Hello Ann I have never seen the Magic Cable pattern - could you tell me where I can download it from - just looks lovely. Lynette


----------



## KnittyGritty800 (Apr 1, 2014)

Beautiful work!!


----------



## dancewithmarg (Oct 2, 2012)

I first started doing the Magic Cable sweaters after I saw Ricki Mundstock at one of Pat's workshops in Hamilton, long time ago. I loved making them and made lots,until I had to get rid of my standard machine when I moved. If you buy the pattern, you should also buy the punch card to go with it, otherwise you'll have a lot of punching to do. The only one I found that went skew-whiff was the candy cane sweater, I frogged that after the first front and never did complete it. I agree they are fun and easy to do.


----------



## jeannie2954 (Apr 19, 2011)

Beautiful sweater, great job, thanks for sharing.


----------



## evelynetricot (Jun 19, 2015)

wonderful sweater!
do you have a pattern that you can share ?
I am also very interested in your neckband. looks so profesional and I do not know how to make something as pretty
;o))


----------



## suedenie (Nov 15, 2015)

We need a bit of motivation sometimes. Hope your jumper is successful. Let us all see it here on KP when you've completed it.


----------



## suedenie (Nov 15, 2015)

I've been out today I meet up with a few friends who all machine knit. The eldest Anne being 91. She nearly always produces something, puts us to shame, I wore my magic cable Jumper, none could make our minds up what colour it was. It looked a duckegg green on the cone, after it was knitted up, it was more sea green. It did look nice and was lovely and warm. Thank you for your message.


----------



## suedenie (Nov 15, 2015)

It was only while I was looking through my folders of machine Knitting patterns that inspired me to knit a magic cable. I love the designs especially the big patterns for electronic Knitting machines. We buy all these books and wool, and once we get going we wonder why haven't done them for yonks. Just seen the weather forecast for UK on Friday, looks a bit cold & snowy, I think I might knit another one. Hope yours turns out as planned. Bye for now Sue


----------



## randiejg (Oct 29, 2011)

GrammaAnn said:


> That is really great ! I love Magic Cables patterns - so simple and look great! I always get comments on mine when I wear them. Thanks for sharing your work!  Ann


I've made a few as well, and do get a lot of comments. They are quite easy once you get going.

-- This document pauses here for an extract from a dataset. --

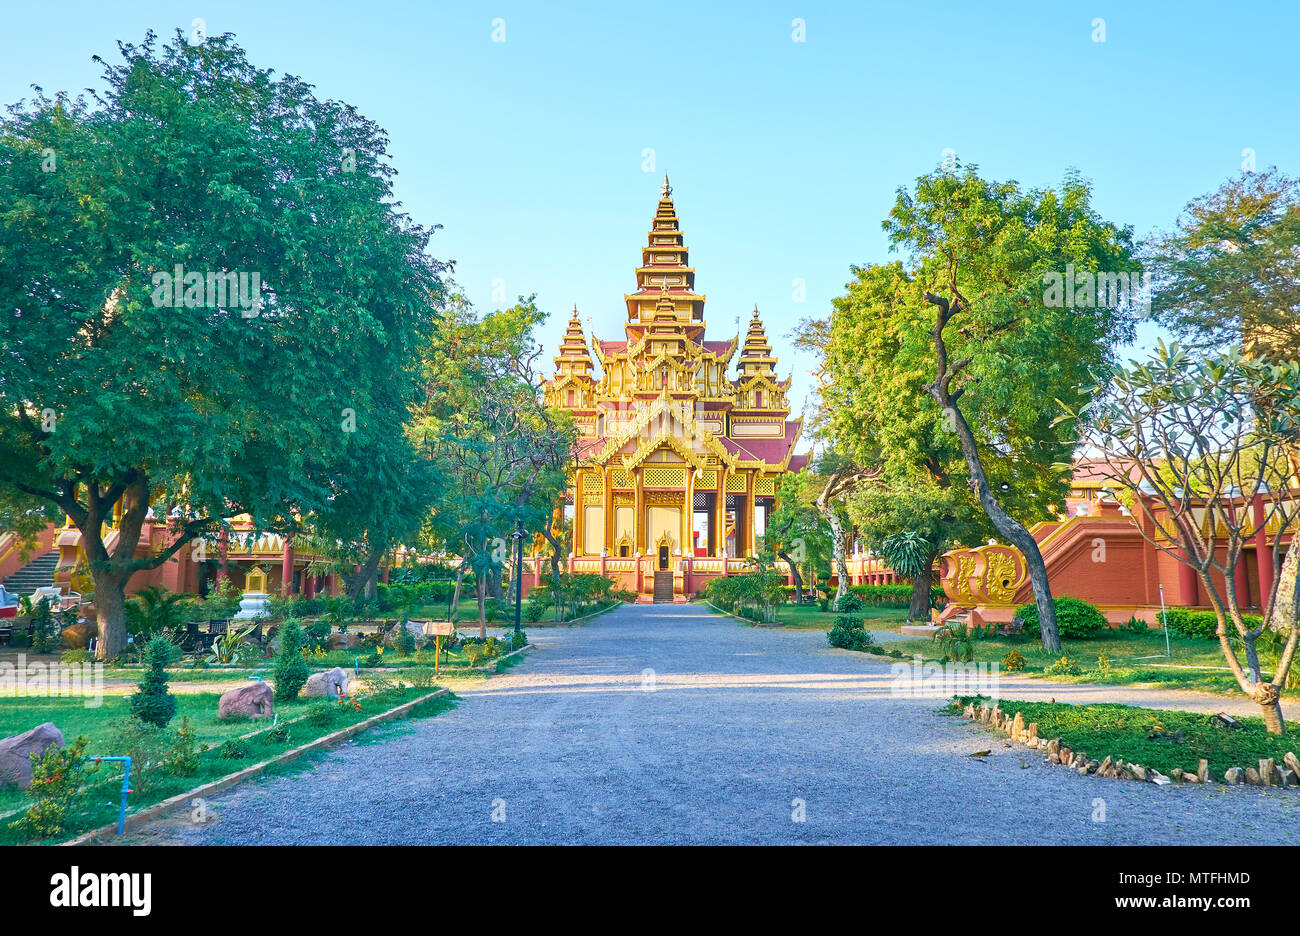 The road to the Great Audience Hall of Golden Palace surrounded with beautiful garden, Bagan, Myanmar Stock Photo

I don't know if these are still being sold new (unless some dealers have the patterns), but I see them on eBay all the time.


----------



## Floydiris (Feb 17, 2015)

suedenie said:


> I can't remember the last time that I knitted a magic cable garment. I do enjoy knitting them, when I get myself motivated they are so easy and quick. This one was knitted in 3 strands of 2/30 industrial acrylic. I even did a cut and sew neckline. One way to get my stash of wool knitted up.

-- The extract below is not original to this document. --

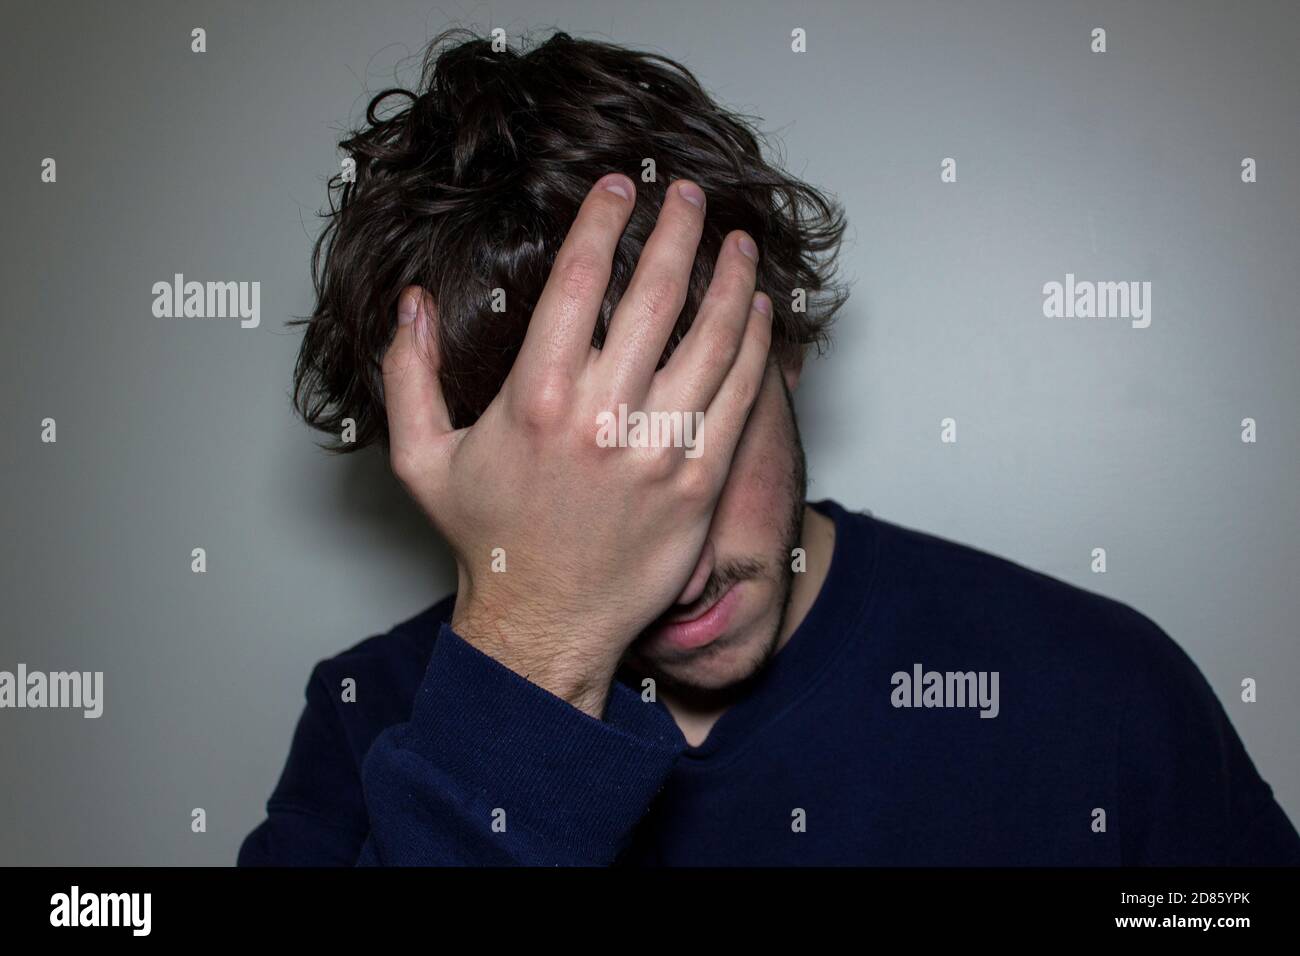 Person with Hand on Face in Disbelief Stock Photo

Wow that is brilliant and so professional looking. I must give the magic cable a go, if i am brave enough! Well done


----------



## nannie343 (Aug 15, 2012)

Very nice, love the magic cables.


----------



## dancewithmarg (Oct 2, 2012)

You can buy the patterns here:
http://www.knitnatters.com/links.htm
Scroll down to Magic Cables and click on the link.


----------



## kwharrod (Jul 24, 2012)

Beautifully done. I wonder where my magic cable books are hiding.


----------



## JuDyAEd (Jan 26, 2015)

Ugh! I can't get how to do this. I have three of the Magic Cable books and they all say no transferring of stitches yet she has a photo for transferring stitches. Am I missing something? Is there a You Tube demonstration on how to do this?


----------



## MtKnitter (Dec 10, 2011)

I found my magic cable pattern but I'm a bit unclear about how to input the pattern information into my machine. Did you use DAK? I just got a 965i and DAK but I haven't tried either of them yet.


----------



## JuDyAEd (Jan 26, 2015)

I'm using the FB 100 and KH 930.


----------



## GrammaAnn (Dec 16, 2011)

JuDyAEd said:


> Ugh! I can't get how to do this. I have three of the Magic Cable books and they all say no transferring of stitches yet she has a photo for transferring stitches. Am I missing something? Is there a You Tube demonstration on how to do this?


It's a process of knitting a specified number of rows for the pattern you choose, then picking up the loop of the tuck from below and hanging it on specified needles. As it pulls the fabric up it resembles a cable. It is very simple. If you have a pattern, it is easy to follow.  Ann


----------



## JuDyAEd (Jan 26, 2015)

Thanks Ann. I think I need to choose a different yarn and color. Black is too difficult to see the tuck. :roll:


----------



## suedenie (Nov 15, 2015)

These patterns are a bit misleading. You do move the tuck stitch, but you only put it on the needle it tells you too. Then I usually pull the needle forward so that all the loops knit off properly, when I knit the next 12 or 16 rows depending which pattern you are knitting. Then I cable again. Once you get going it will click, honest


----------